I just wanted to write a quick post to share an experience I had today. This post is very raw. I didn’t edit much. I got inspired and decided to write.
This morning, I got up on the wrong side of the bed. It just didn’t start well. First of all, I slept way past my alarm. I had my mom asking me to play travel agent for her, which I don’t like to play, and just struggled to get the morning started.
After making breakfast, I sat at my computer screen and found myself just wasting time with no goal in mind for the morning.
Not a great way to start.
So I dragged myself out of the house to go for a run. I needed to relieve some stress and exercise.
Even during my run, I had so much on my mind. Stressful and negative thoughts bombarded me and no matter how I tried to not think about it, I couldn’t. No matter how much I tried to block them, they annoyingly stuck around.
I finished my run and walked back home. The clouds had been overcast the whole morning. It was a nice change from the hot Florida mornings. It did sprinkle a bit. I saw dark clouds in the distance. I hoped for some heavy rain because the city could use some. I just hoped it would happen after I got home.
When I started to walk home, about 10 minutes away, it immediately started to pour. Heavy. Big rain drops. I felt like I was standing in my shower. Within minutes there were huge puddles in the street. (Luckily there was no thunder or lightening otherwise I would have rain my ass back home.)
I haven’t been caught outside in a rain storm in so long. And you know what? It felt so damn good. When I realized I’m about to get absolutely soaked as the rain got harder, I smiled. I enjoyed every single second. I walked slower than normal. I could feel my shoes and socks squishing around but I didn’t care. I walked like it was a sunny cool spring afternoon and I just won the lotto. That’s how I felt.
All those thoughts I had in the morning washed away as rain came down on me. Almost with a snap of a finger. I felt no stress anymore. All I could I think about was how great it felt to be in the rain.

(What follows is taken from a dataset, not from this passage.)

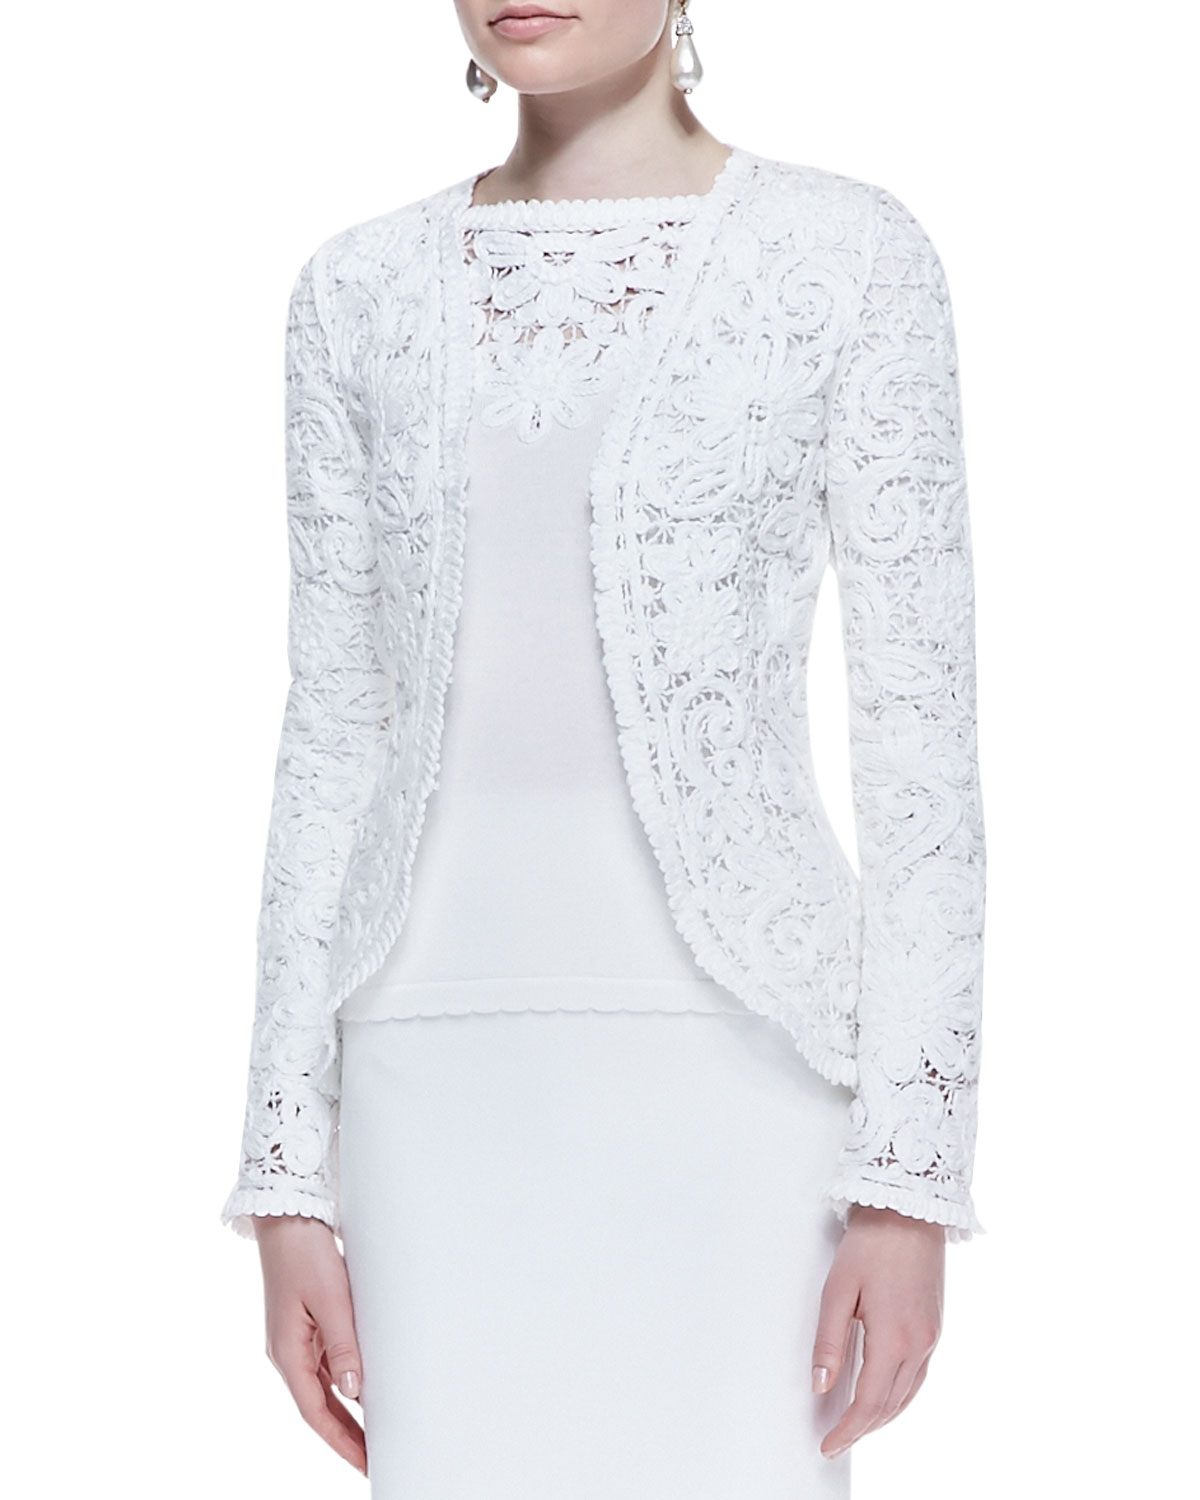 Oscar de la renta Embroidered Cotton Lace Jacket in White | Lyst

I loved the feeling of getting absolutely drenched in the rain and not caring.
Cars that drove by may have thought “poor guy caught in the rain” but I couldn’t have been any happier.
I came home and immediately took a hot shower. That rain shower completely changed my day for the better. Since that rain shower, I’ve been in a much better mood. I thought exercise would relieve my stress but it took playing in the rain like a kid again to bring some happiness in my day.
As I write this I keep thinking of this morning and the feeling of being in the rain and hear the rain come down. Parents might say I’m crazy and I’ll get sick but I’ll take the chance because such a simple experience kick started my day. Totally priceless.
Have you had an experience like this when you felt like a kid again?
Has it been awhile since you’ve played in the rain?
I hope you all have a great weekend. You all are the best.